DATA SEGMENT:

Segment Open

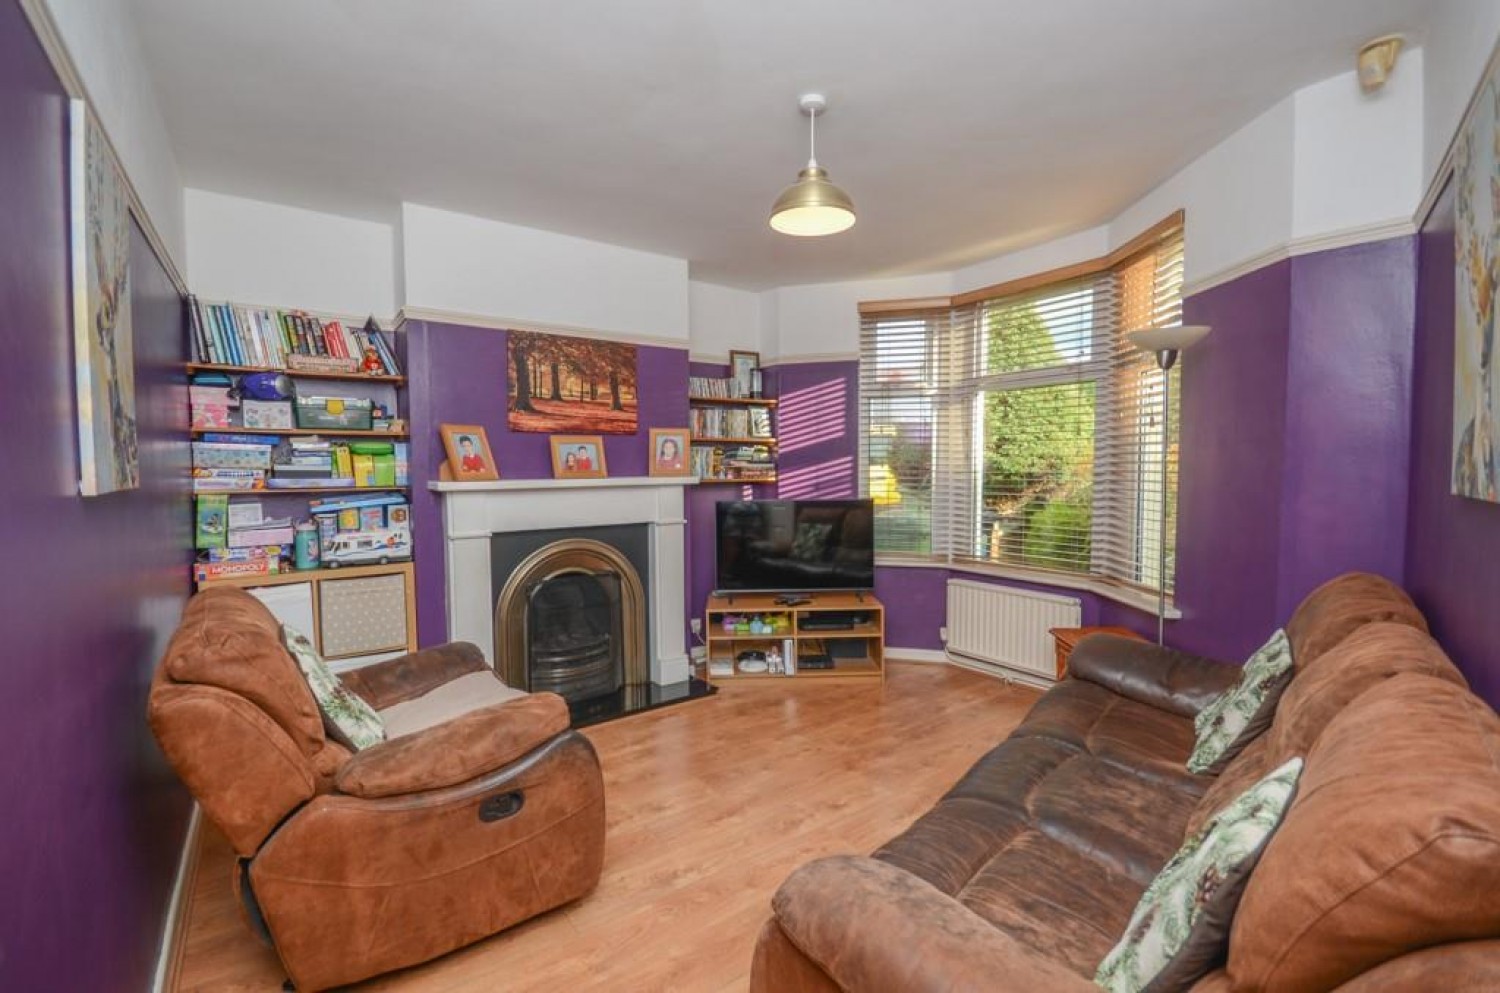 Morley Road, Staple Hill, Bristol, BS16 4QY
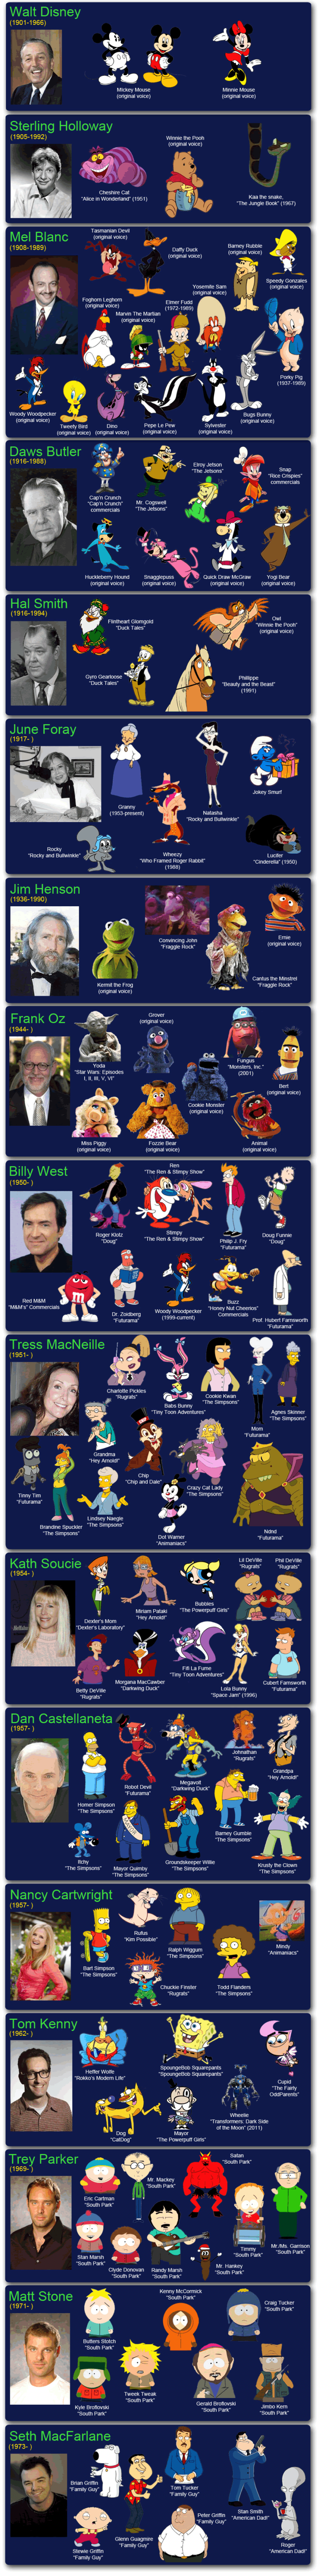 Visual : The faces behind the voices - Infographic.tv - Number one ...
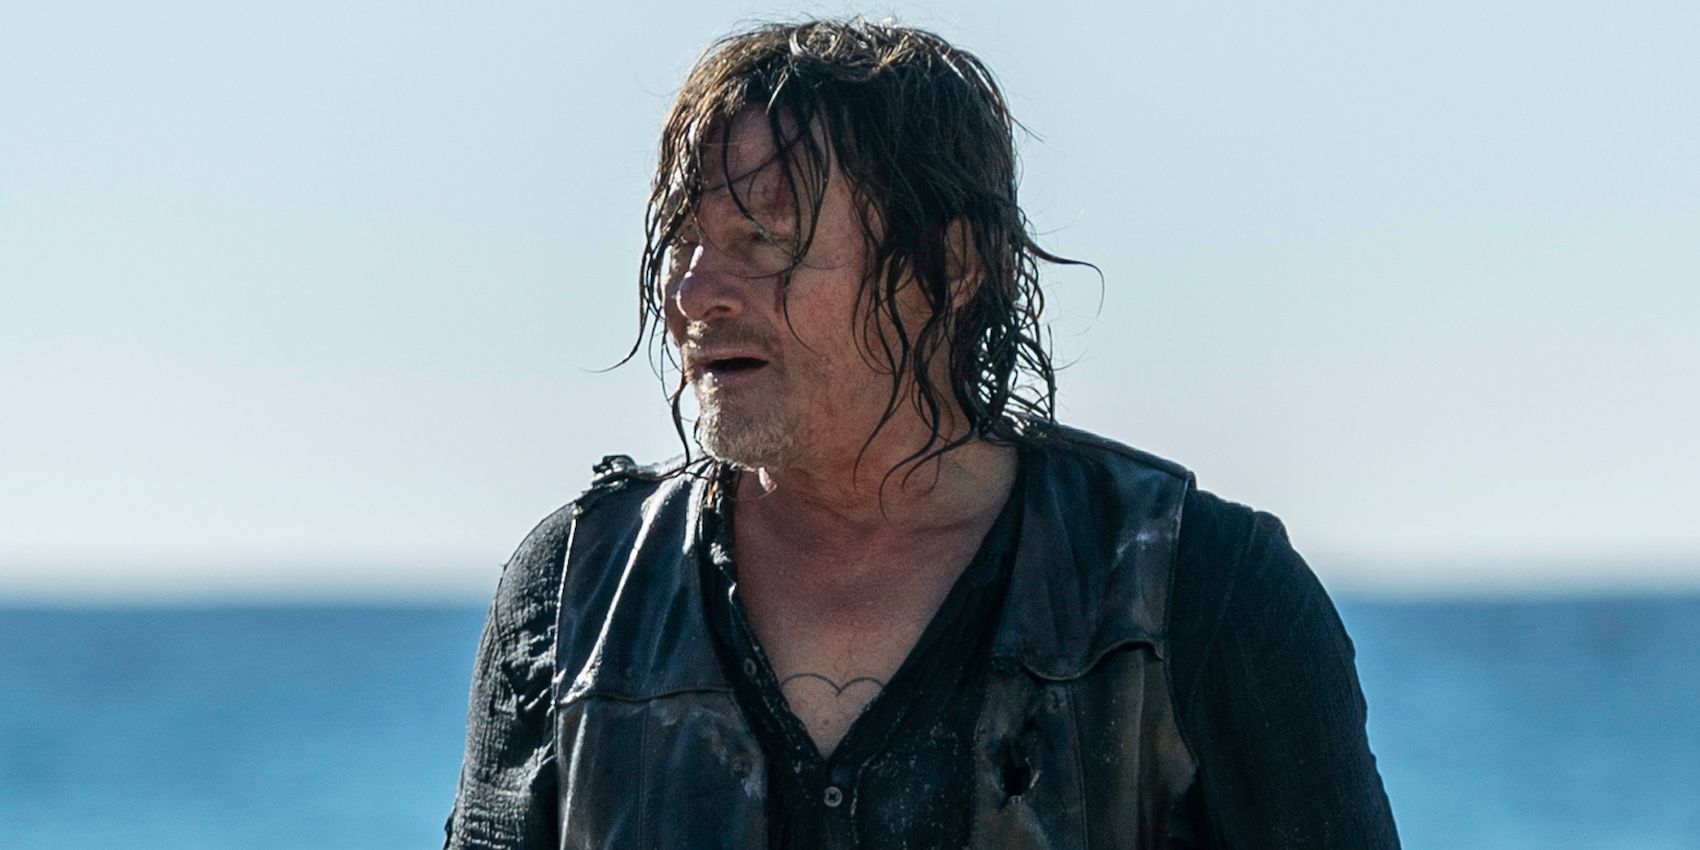 Norman Reedus as Daryl Dixon on the Beach in The Walking Dead Daryl Dixon Cropped

Segment Closed

EXERCISE GOAL: Print the data above exactly; drop every picture.

ANSWER FOR THE TASK:
 Morley Road, Staple Hill, Bristol, BS16 4QY
 Visual : The faces behind the voices - Infographic.tv - Number one ...
 Norman Reedus as Daryl Dixon on the Beach in The Walking Dead Daryl Dixon Cropped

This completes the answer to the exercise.